Reliability and accuracy
DEXA: High reliability, with standardized scoring (T-score and Z-score) widely used in osteoporosis diagnosis and treatment guidelines. Results are highly reproducible, especially in the same device or facility. DEXA can assess bone density changes over time, making it useful for monitoring treatment effects.
DEXA provides highly accurate BMD values but lacks insight into the bone’s internal structure and resilience.
REMS: Initial studies show that REMS is comparable in accuracy to DEXA, particularly in lumbar spine and femur measurements. However, its accuracy may vary based on technician experience and patient factors. The REMS device depends on ultrasound signals which can be affected by body composition and tissue density (e.g. obesity, extreme thinness, or significant bone deformities), though it has shown promising results in clinical trials.
The ultrasound echoes provide an estimation of bone quality beyond mineral density. The quality of the bone determines its “fragility score” which includes elements of the bone’s microstructural resilience, elasticity, and strength that contribute to its ability to withstand fractures.
3. Safety and convenience
DEXA: Although it uses low levels of radiation, there is still exposure to X-rays, which may be a concern for some patients, especially with repeated scans over time. However, DEXA is non-invasive, fast, and widely available in medical facilities. The scan is quick (typically 10–20 minutes), but the machine is often stationary, requiring the patient to visit a specialized facility.
REMS: REMS does not involve radiation, which is a significant safety advantage, especially for patients needing frequent monitoring (e.g., those on osteoporosis treatment). REMS is also portable, meaning it can be performed in various settings, including clinics or even at the bedside, which adds convenience. However, REMS is a relatively new technology and may not be as widely available as DEXA.
4. Clinical use and guidelines
DEXA: Since DEXA has long been the standard, most osteoporosis guidelines are based on DEXA-derived T-scores.

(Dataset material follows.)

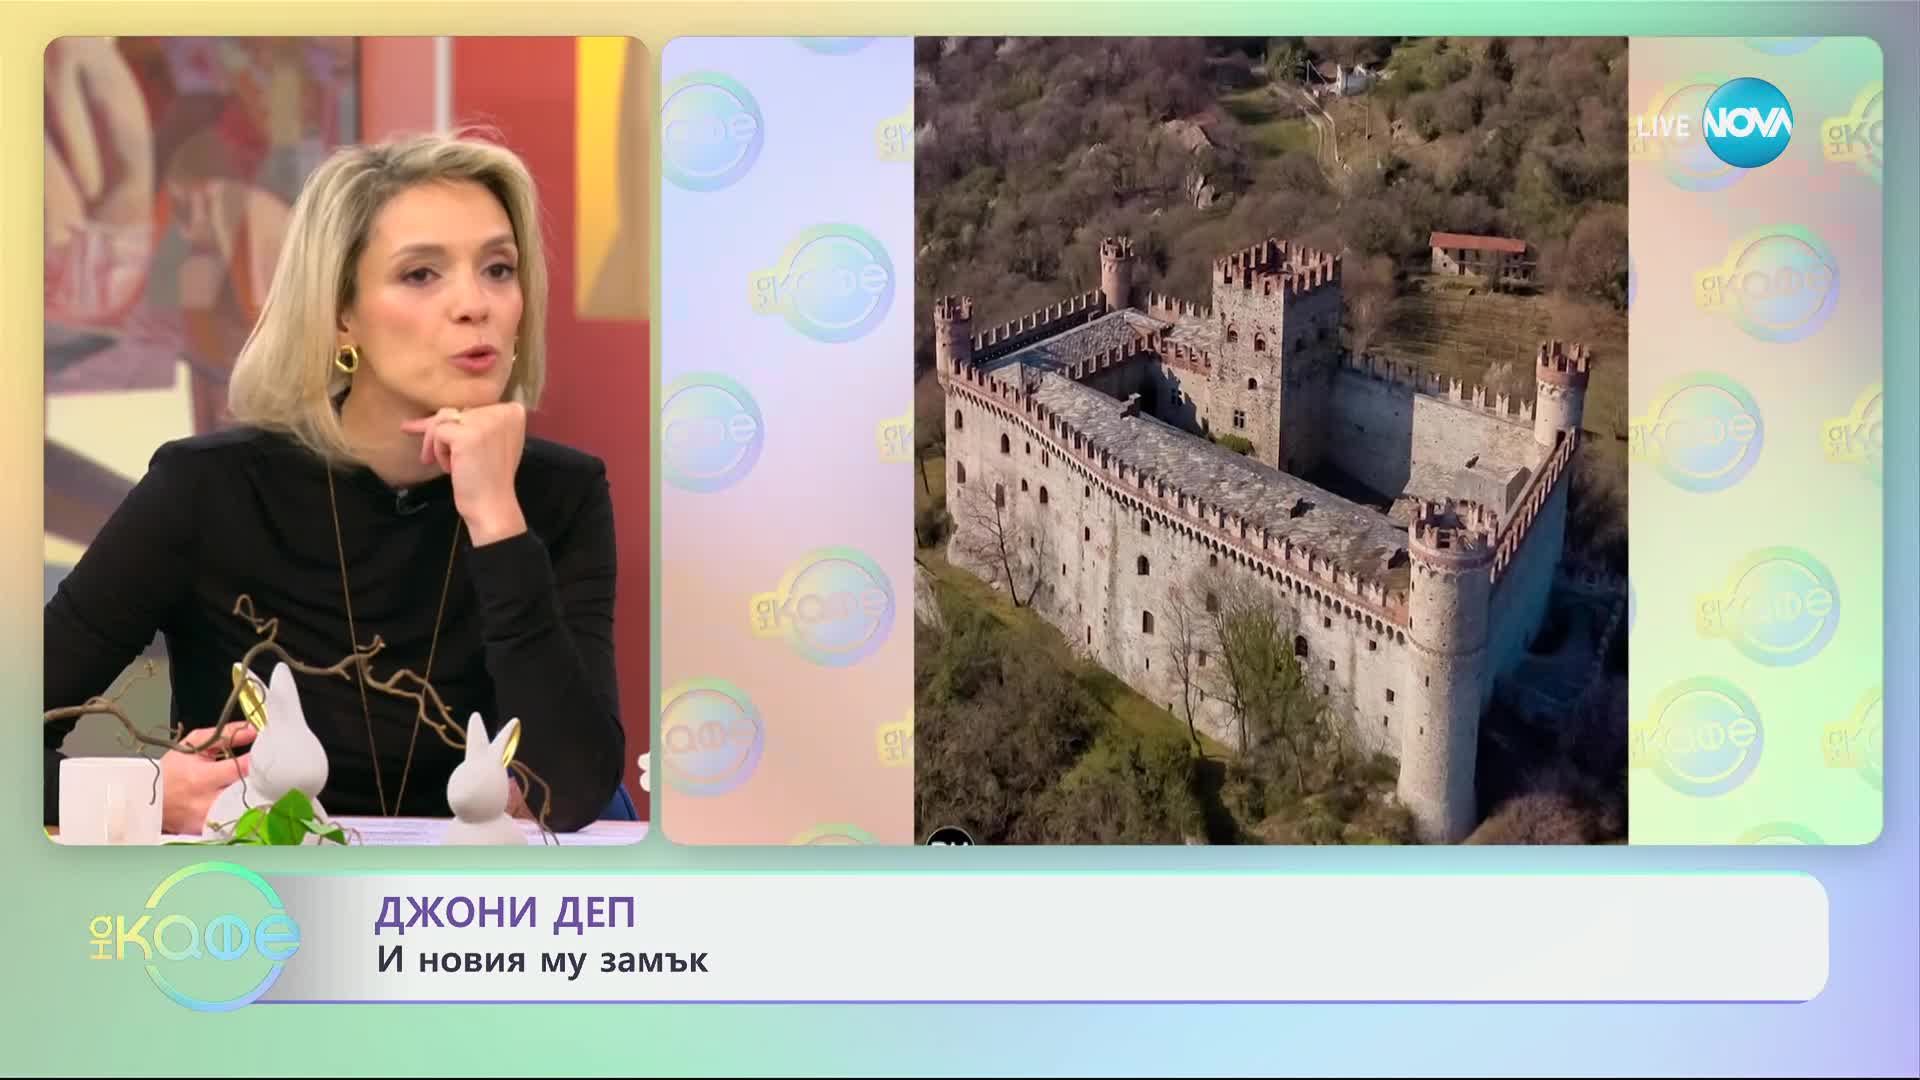 Джони Деп иска да си купи средновековен замък в Италия

It remains the most commonly used tool in clinical practice for BMD assessment and osteoporosis diagnosis.
REMS: Though promising, REMS is still gaining traction and isn’t as widely incorporated into guidelines. Research supports its efficacy, but more studies and guideline updates may be needed before it becomes a standard alternative to DEXA.

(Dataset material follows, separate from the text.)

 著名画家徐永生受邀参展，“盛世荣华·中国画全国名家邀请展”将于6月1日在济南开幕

How to avoid confusing test results
In my friend’s case, it was not accurate to compare DEXA and REMS test results. She waited for a follow-up DEXA which showed that her BMD levels were still in the osteopenic category. In general, it is not viable to compare the results of the two different types of tests, as in comparing apples to oranges.

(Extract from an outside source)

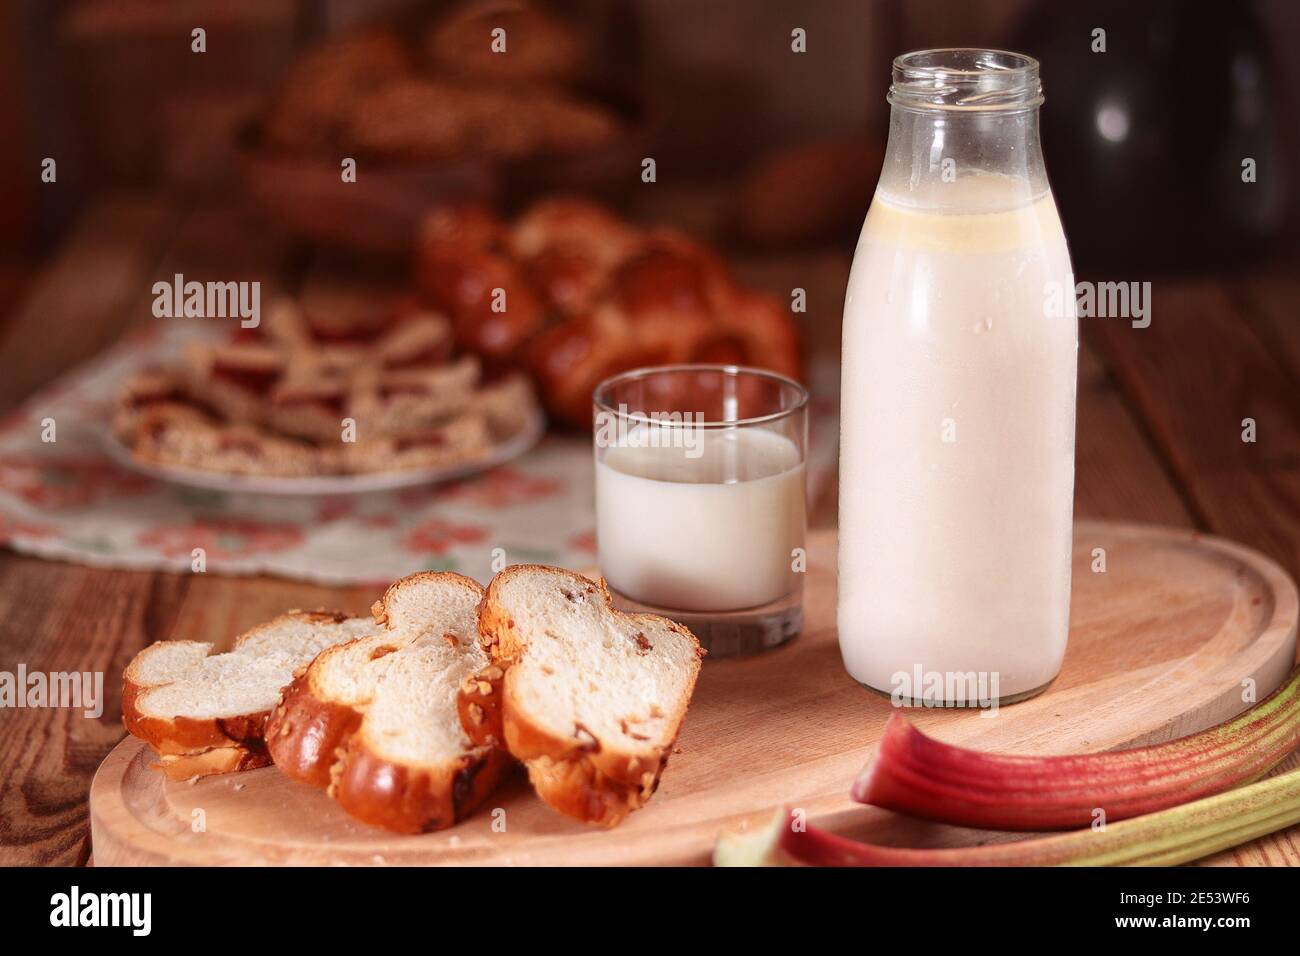 beber leche en una botella, vaso, pastel, vida quieta Foto de stock

DEXA is currently the more established method, providing highly accurate BMD values, with extensive research backing its use and integration into clinical guidelines. It remains the most validated and trusted option in guidelines due to its robust data across all populations.
REMS offers BMD measurements in a way comparable to DEXA (though it might underestimate or overestimate in some cases) while providing indirect information about bone quality and its resistance to fracture. REMS offers a radiation-free, portable alternative, making it particularly advantageous for patients requiring frequent BMD assessments, though it’s still emerging in clinical practice.
Disclaimer: The information presented in this article should not be construed as medical advice. It is not intended to replace consultation with your physician or healthcare provider.
For related articles: Bone Density Test – Why It’s Important and What It Means; Osteoporosis Screening and Do You Need One?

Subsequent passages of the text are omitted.